Seires Lead: Helen Kim (SMC)

Series co-conveners:


Research Context:

While historically Leeds has been a city of migrants, and continues to be the most diverse UK city outside London[1], it is only in the past few years that the city government has developed an outward strategy to address ongoing migration in the city and setting out among its ambitions to become a “welcoming and compassionate city with a strong economy”, a city that “recognize(s) migrant communities are valuable contributors to the city’s economy, culture and diversity and Leeds aspires to ensure they are welcomed and supported” (Leeds Migration Observatory 2019).

The question of migrants’ permanence rather than transience in cities is central to both academic thinking and the development of sustainable practices and policies around issues of cultural integration and community development. While there is an over-emphasis on movement and flows within migration and diaspora research, here we want to focus on the relationship between urban emplacement and migrant lives to highlight the significance of migrants’ resources and capabilities in the production of our cities—both in terms of their imaginaries and practices. This is an often overlooked aspect of the relationship between the urban and migration. By focusing on migrant ‘spatial strategies’ (Secor, 2004), we aim to explore the multiple ways in which migrants are agentic and adaptive in their everyday lives in the city.

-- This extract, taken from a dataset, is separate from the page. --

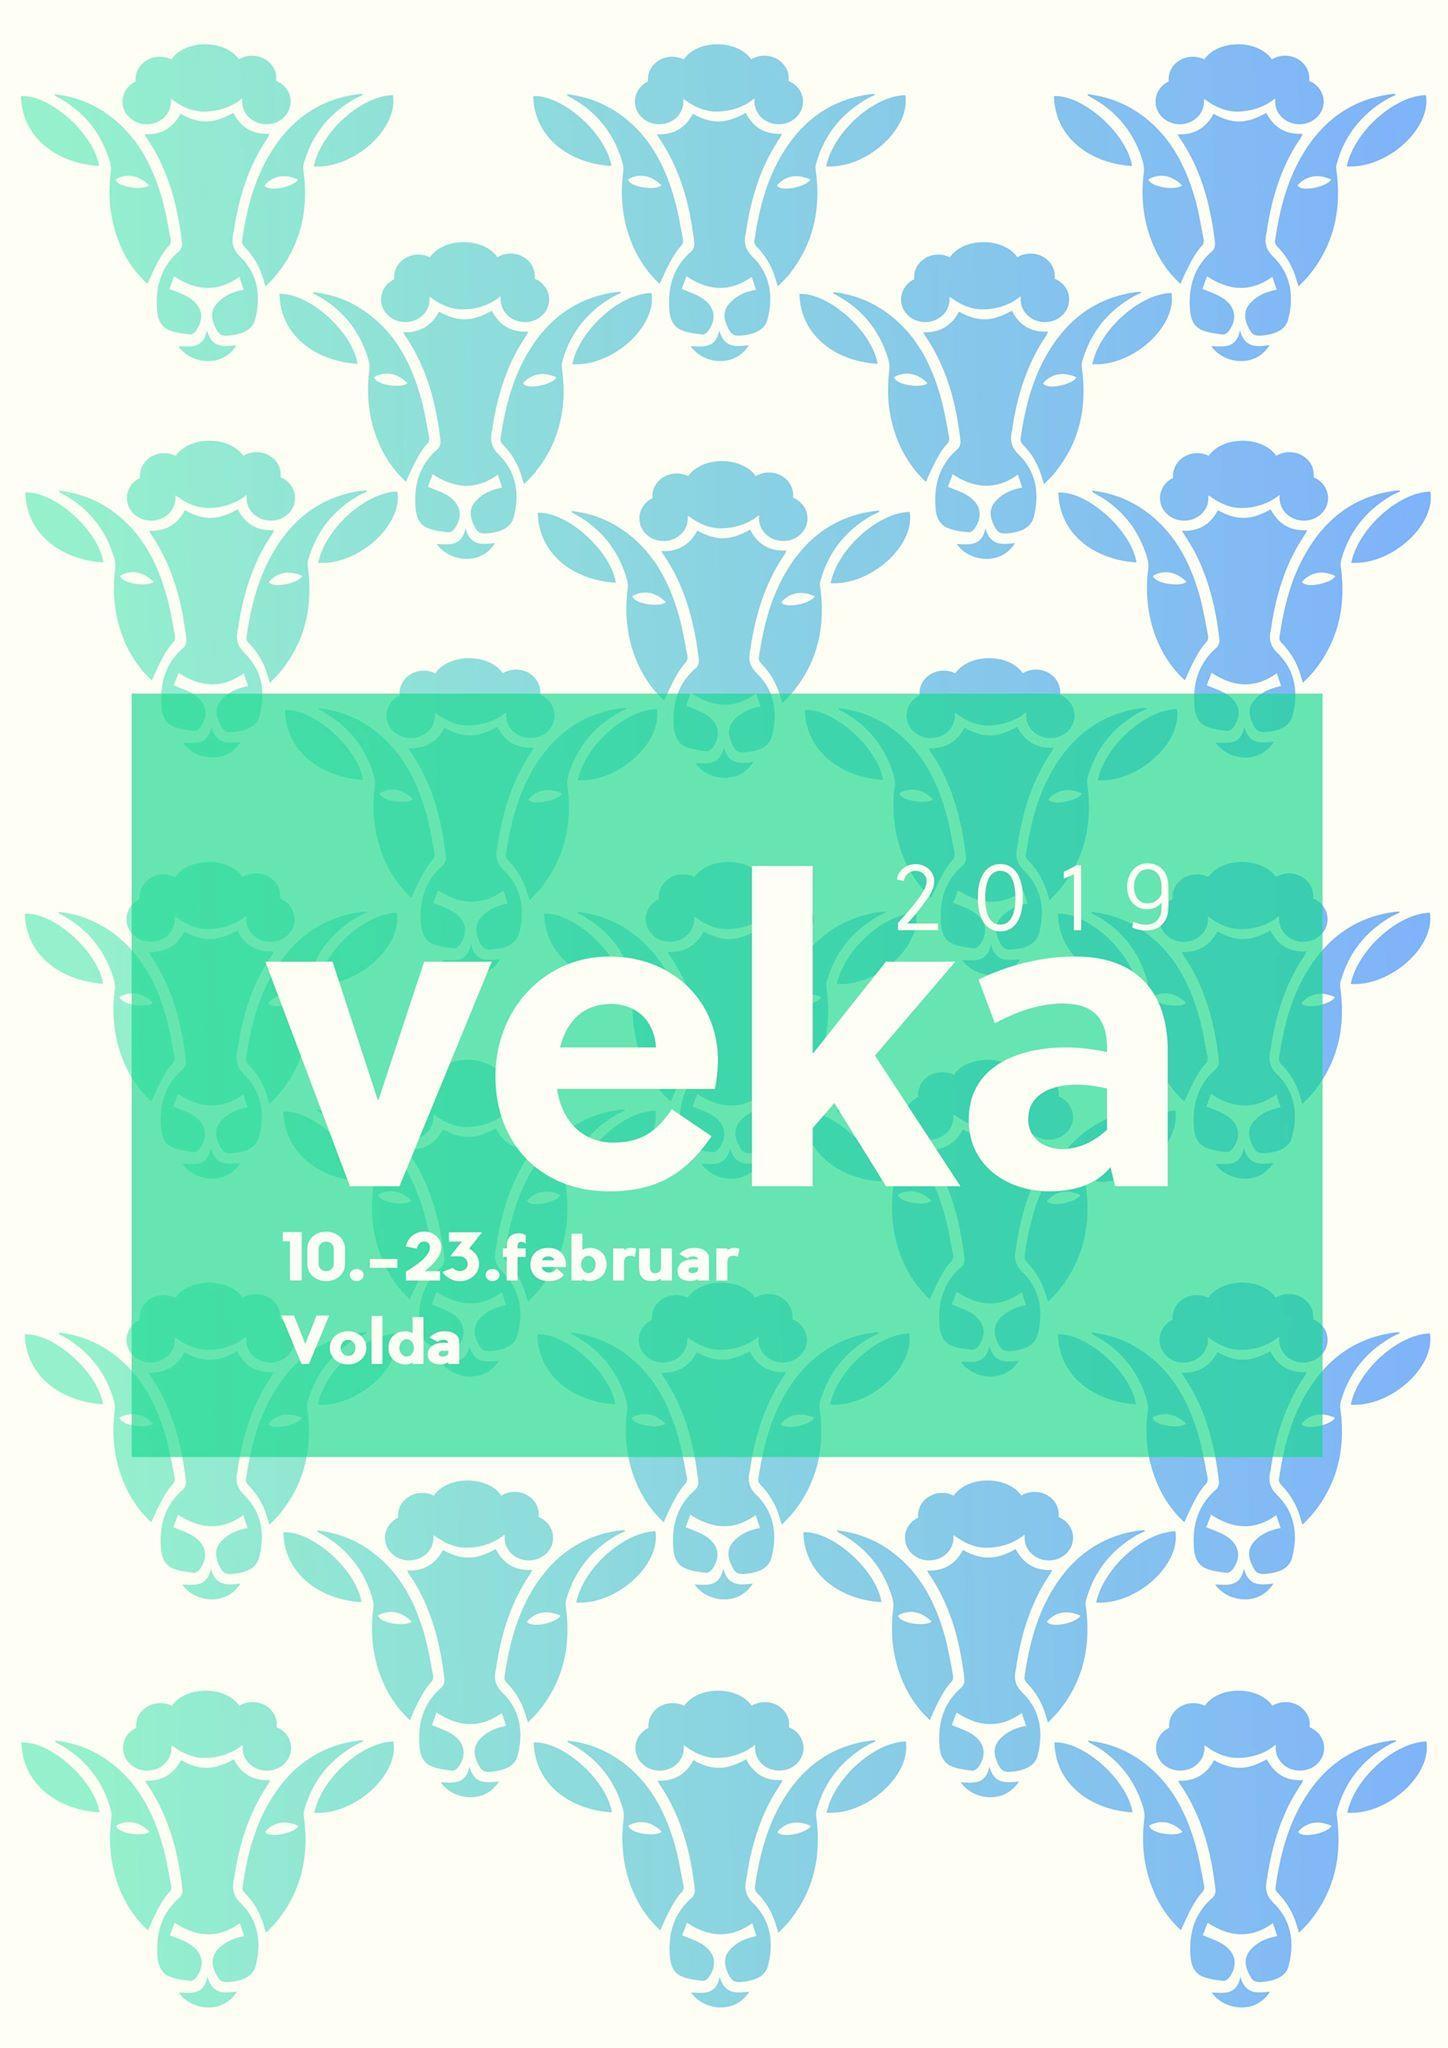 VEKA 2019

Urban space is a dynamic field of action, which is continually remade by a variety of processes and uses, rather than being just an inert container (Murdoch, 2006). Furthermore, space is seen as inherently social and a hybrid of physical and communicative features (Massey, 2005). We maintain that communication about, within and across urban space (e.g. through the media) is as significant as are embodied practices occurring in physical space.


Aims of the Series

The seminar series will therefore be divided into two main parts; ‘imagining’ and ‘making’ the city, in order to highlight the relationship between narrative, communication and imagination, on the one hand, and materiality, infrastructure, and practices on the other.

Events in the Series

City of refuge or digital order? A cross-European story of migration and the city (10 October 2019)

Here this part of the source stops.